Rosen: Yeah, yeah, yeah. But what have you done for me lately? Florida’s team fluctuates. It was the Lightning. It is the Panthers. They’ve got the Stanley Cup. They went to the Stanley Cup Final two years in a row. Sure, a few years ago, this wasn’t even a debate. Florida’s team, the Panthers? Please. No shot. Even the top executives with the Panthers would tell you that. But things change. With success come the riches. Just think about the past three seasons for the Panthers: Presidents’ Trophy winners in 2021-22, Stanley Cup Final in 2022-23, Stanley Cup champions in 2023-24. The Lightning lost in the 2022 Cup Final, lost in the first round in six games the next season and lost in the first round in five games to the Panthers last season. Florida’s team is Florida.

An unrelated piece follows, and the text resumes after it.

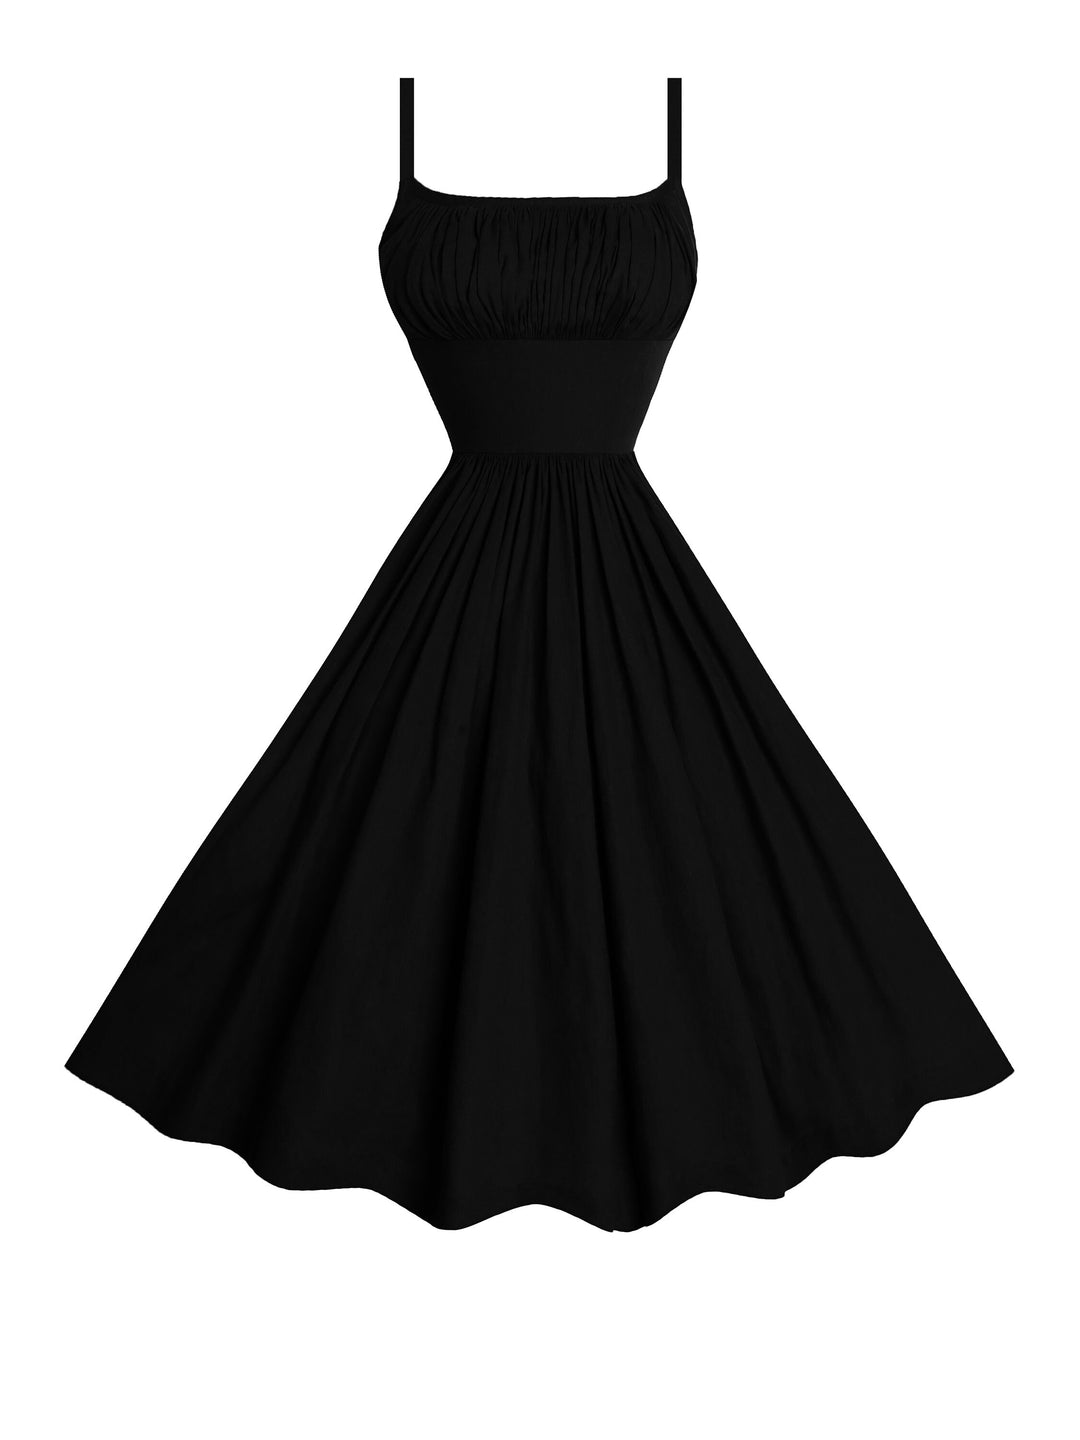 MTO - Grace Dress in Midnight Black Linen

Benjamin: OK, sure, you have a point. Florida has done pretty darn well lately. But let’s see how history will judge the state of Florida and its hockey teams. Hall of Famers? The Lightning have got ’em. Though Steven Stamkos has moved on to the Nashville Predators, the Hall of Fame is going to come calling, and the forward will go in as a member of the Lightning. Add in coach Jon Cooper, forward Nikita Kucherov, defenseman Victor Hedman and goalie Andrei Vasilevskiy, and you’re talking at least five future Hall of Famers on a single team. That’s not just good, that’s historically good. It’s a group whose names are synonymous with winning, with the Stanley Cup, with the state of Florida. That’s powerful. That says the Lightning win this debate, no question.

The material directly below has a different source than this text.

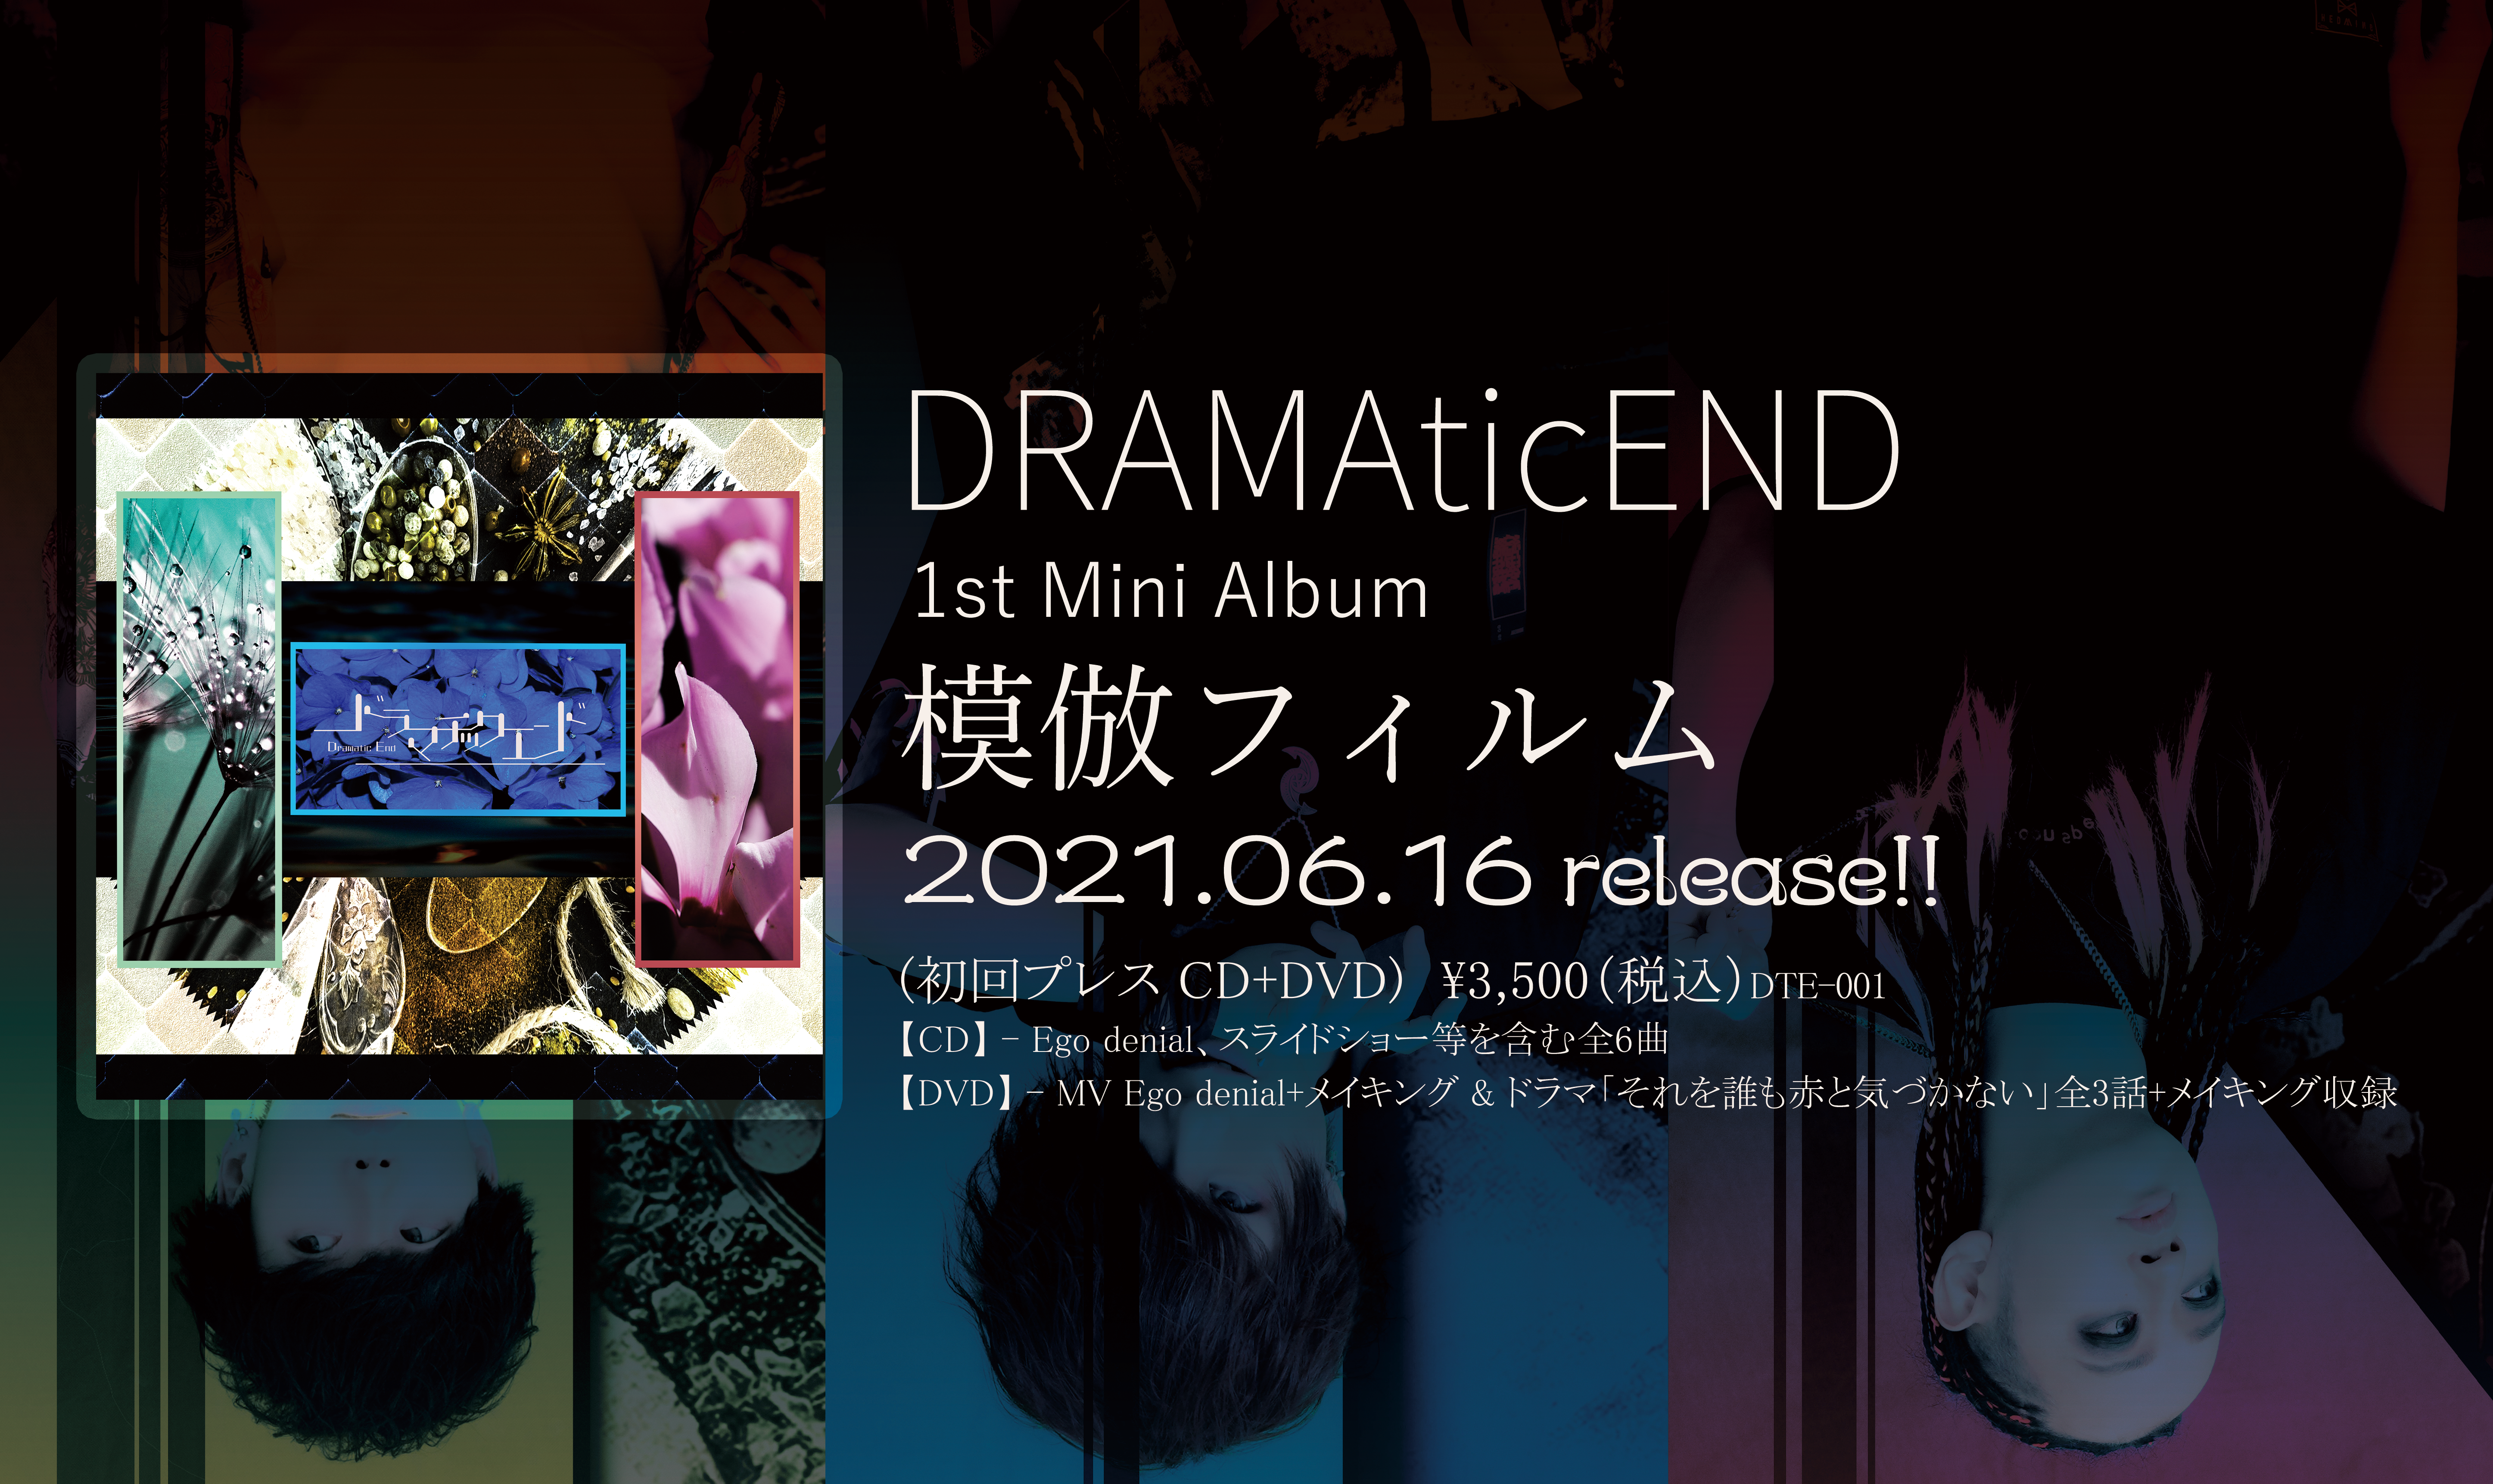 DRAMAticEND 1st Mini Album「模倣フィルム」最新情報&試聴映像を公開!!

Rosen: I have a question. Is Aleksander Barkov not paving his way to the Hall of Fame? Is Sergei Bobrovsky, with a Stanley Cup ring, 400-plus wins and two Vezina Trophy wins as the NHL’s best goalie, not a lock for the Hall of Fame? Is Paul Maurice, who could finish his career with at least the second-most coaching wins of all time, along with his Stanley Cup ring, not also a lock for the Hall of Fame? In the way-too-early department, could Matthew Tkachuk and Sam Reinhart be future Hall of Famers? I lied. That’s four questions. But you get the point. You brought up the Hall of Fame and I countered. That’s why the Lightning do not win this debate without question. Could they win it? Yes, certainly, if we were having this debate in 2023. It’s almost 2025. It’s a different world. It’s the Panthers’ world, at least in Florida. The Lightning are just living in it. At least the sun is still shining on them too.